Not only that, Mrs. Burke said that no military commander wants a rape happening under his watch, so often cases are swept under the rug to save face.

Friday’s film gave voice to dozens of women and men whose lives were ruined not only by haunting rapes, but by the loss of their dignity and careers. One woman had been hit in the jaw during her rape and five years later had not received health coverage from Veterans Affairs. Most cases described in the film were either dismissed or ended in findings of adultery or indecent language, not rape. In some instances,, victims were discharged for having a personality disorder, leaving them with no VA benefits and only dim prospects for obtaining a good job in civilian life.

“This is why you really have what is not just the crime of rape, which is obviously traumatizing, but the trauma also comes from the following betrayal,” said Mrs. Burke. “They are raped and want to report it, but instead are retaliated against and lose their career. They lose their careers merely because they were victims of a crime. It’s just heartbreaking when you talk to these young patriots who have volunteered to serve our nation, put their lives on the line and this is how we as a society repay them.”

In addition to investigating and exposing problems within military service systems related to rape, sexual assault and sexual harassment, Protect Our Defenders is also dedicated to public education and finding solutions to the problems it investigates.
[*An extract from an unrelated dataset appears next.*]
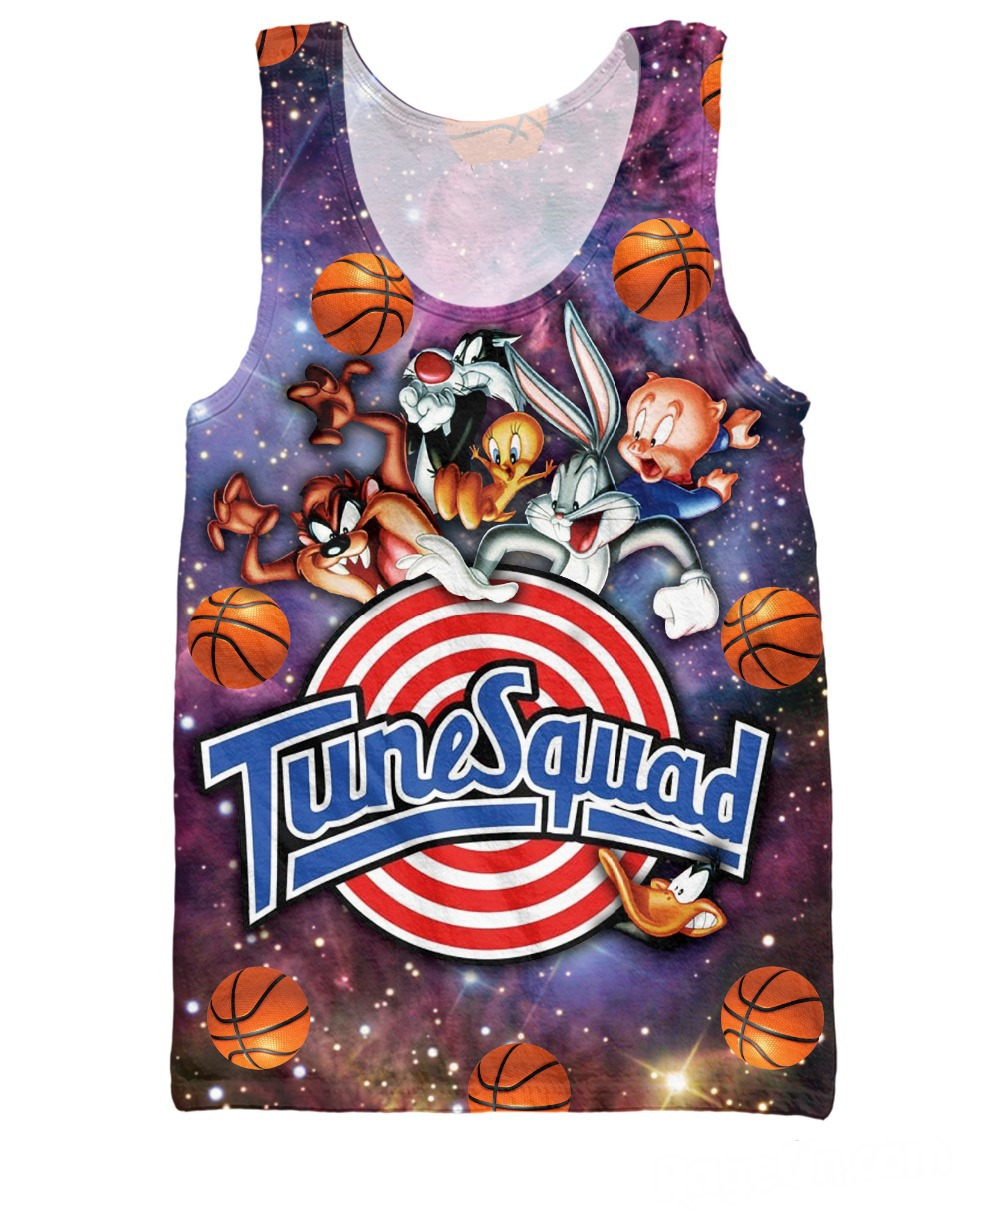 Tweety Bird Basketball

The organization has 200 survivors who work as advocates. It also gives small grants to support victim and survivor care, and through social media provides a place for people to share their stories.

“The reason why Protect our Defenders is so critical and really at the forefront of the reform movement is that they have a clear articulation of the policy reforms that are needed,” said Mrs. Burke. “They have stepped to the forefront of what was really a disorganized movement until their involvement.”

Mrs. Parrish added: “As Americans we have to step in and do something. It is silence that allows evil to grow. And this is fixable — that’s one thing that is unique about our country. This can be fixed. We just have to want to do it.”